Maya Shulman and Alex Rubin met in 1992, when she was a Ukrainian exchange student with “a devil in [her] head” about becoming a chef instead of a medical worker, and he the coddled son of Russian immigrants wanting to toe the water of a less predictable life.
Twenty years later, Maya Rubin is a medical worker in suburban New Jersey, and Alex his father’s second in the family business. The great dislocation of their lives is their eight-year-old son Max — adopted from two teenagers in Montana despite Alex’s view that “adopted children are second-class.”
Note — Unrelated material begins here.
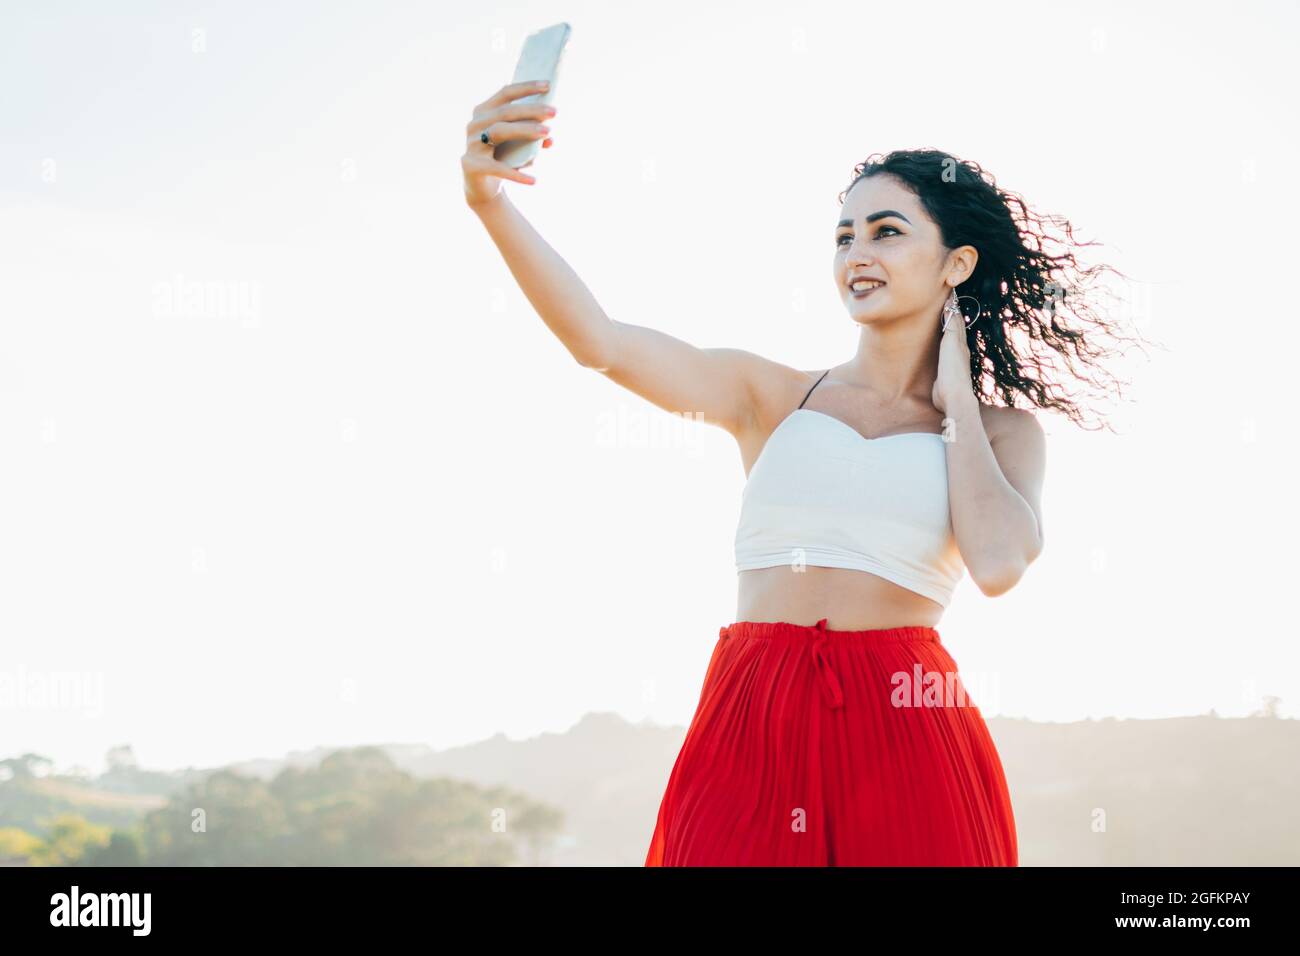 Ein ehrliches Porträt einer stilvollen jungen Frau, die ein Selfie mit dem Mobiltelefon macht und für soziale Medien in einem Park im Freien posiert. Stockfoto

At once a salvation and a mystery to his parents — with whom Max’s biological mother left the child with the cryptic exhortation “don’t let my baby do rodeo”—Max suddenly turns feral, consorting with wild animals, eating grass, and running away to sit face down in a river.
Searching for answers, Maya convinces Alex to embark on a cross-country trip to Montana to track down Max’s birth parents — the first drive west of New Jersey of their American lives. But it’s Maya who’s illuminated by the journey, her own erstwhile wildness summoned for a reckoning by the unsparing landscape, with seismic consequences for herself and her family.
Don’t Let My Baby Do Rodeo is a novel about the mystery of inheritance and what exactly it means to belong.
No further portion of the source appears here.